Posted by: Simon van Norden | August 20, 2012 at 01:59 PM
W. Peden: Hmmm. There are substitutes and complements in demand, and substitutes and complements in supply. Just a random thought. I'm still mulling over your comment.
Posted by: Nick Rowe | August 20, 2012 at 02:02 PM
Speaking of the history of economic thought, IIRC atleast two early schools of thought preferred the paradigm of one input - many outputs. I think Quesnay and the Physiocrats typically thought of land as the single input (which produced everything else) while Marx used labour as the single input.
Posted by: Simon van Norden | August 20, 2012 at 02:05 PM
IIRC Varian's grad text does deal with the production set, but first deals with firms that produce only one output.
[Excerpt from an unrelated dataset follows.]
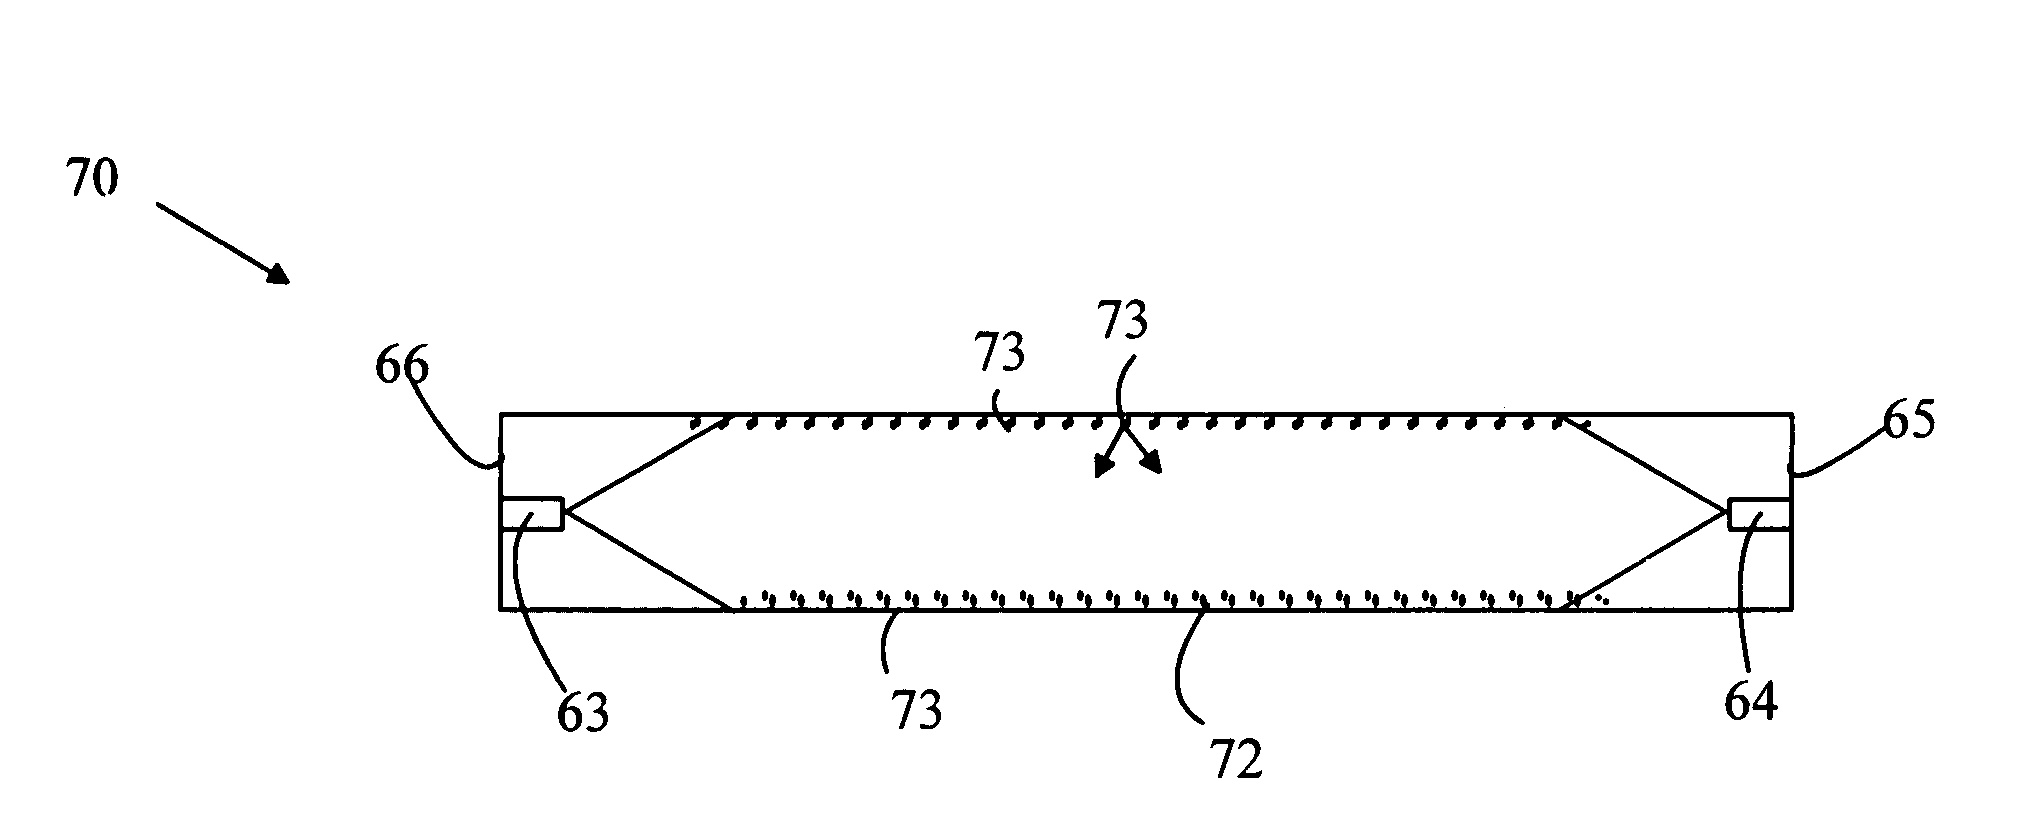 Semiconductor light source configured as a light tube
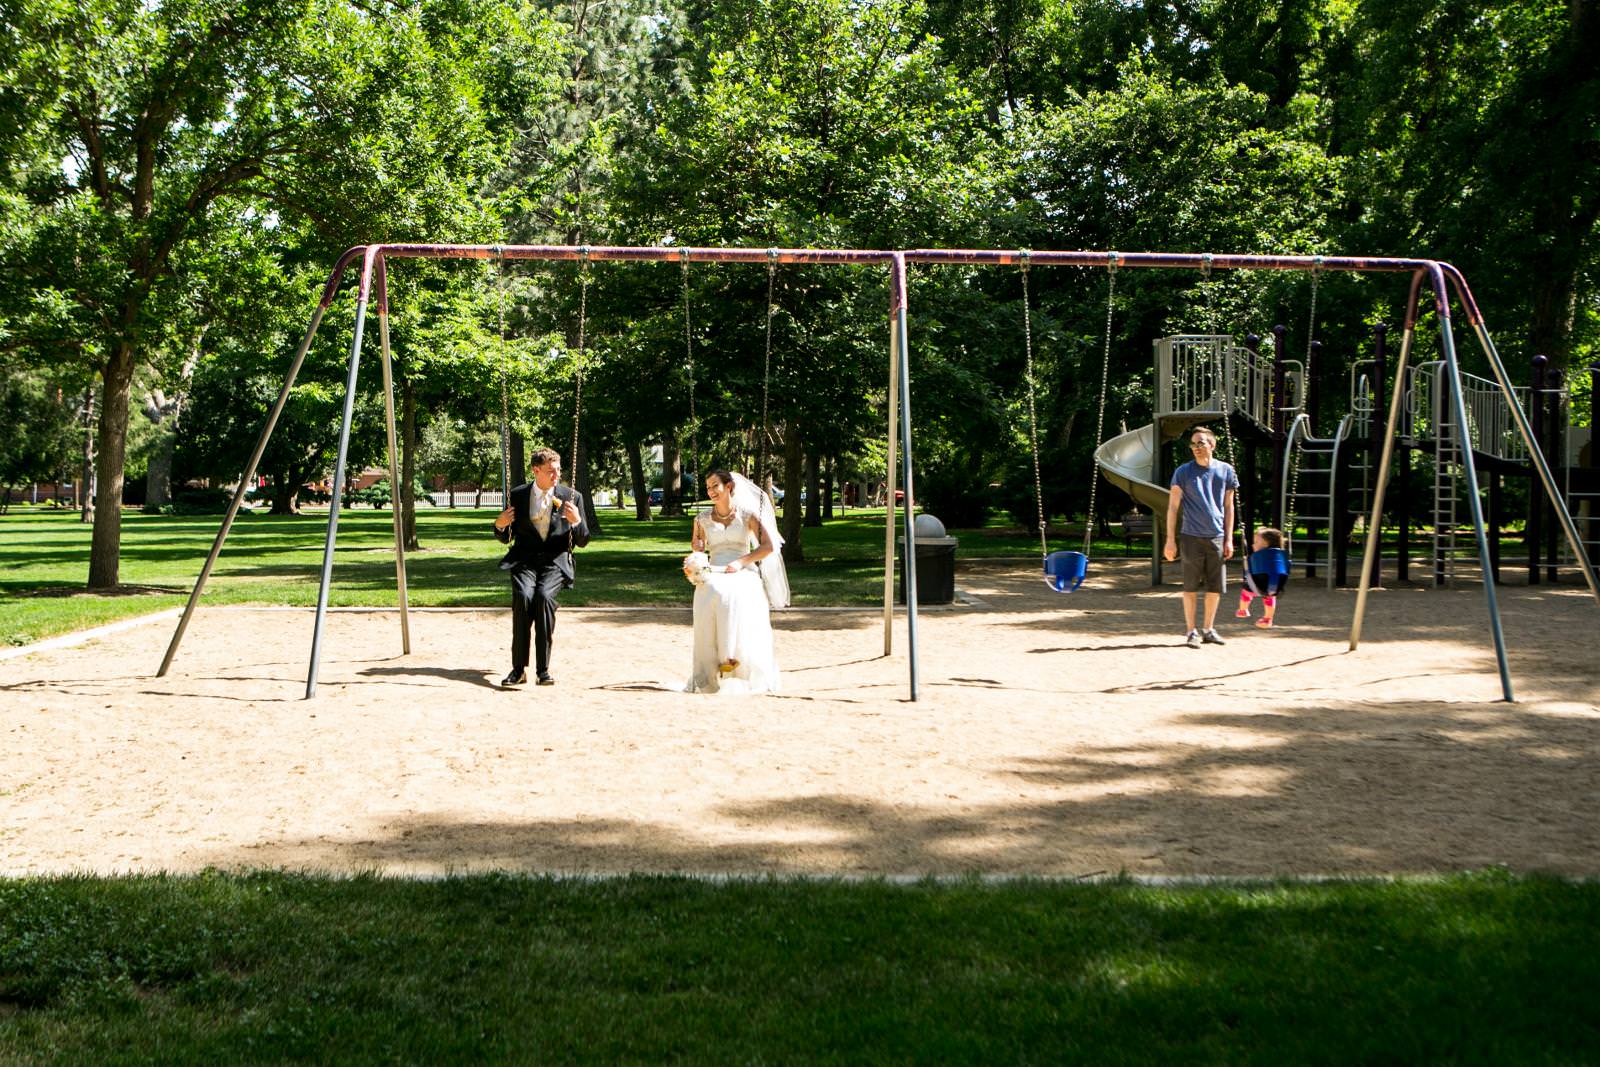 newlyweds riding swings at a park

Maybe this is because a transformation function is more difficult for most students to grasp than a production function?
Posted by: Joel W | August 20, 2012 at 02:06 PM
Yes, of course. I had flipped the axes in my head when I made the comment (ie, quantity on the y-axis). And actually, something different from price on the x (what, I'm not sure), so basically, totally off-base. Sorry.
Posted by: two hats | August 20, 2012 at 02:06 PM
Simon: Hmmm. You might be right. The simplest macro (e.g. Solow growth) technology has two production functions: Y=F(K,L) (2 inputs one output); and C+Kdot=Y (1 input 2 outputs that are perfect substitutes in supply, so they are really only one good).
Posted by: Nick Rowe | August 20, 2012 at 02:08 PM
Financial engineering is another area where the many-output model is the standard. The simplest case is simply taking a standard coupon bond and selling rights to the coupons (an annuity) and the face value (a pure discount bond.) CDOs went much further, pooling assets (multiple inputs) and selling tranches of the pool that differed by seniority (multiple outputs).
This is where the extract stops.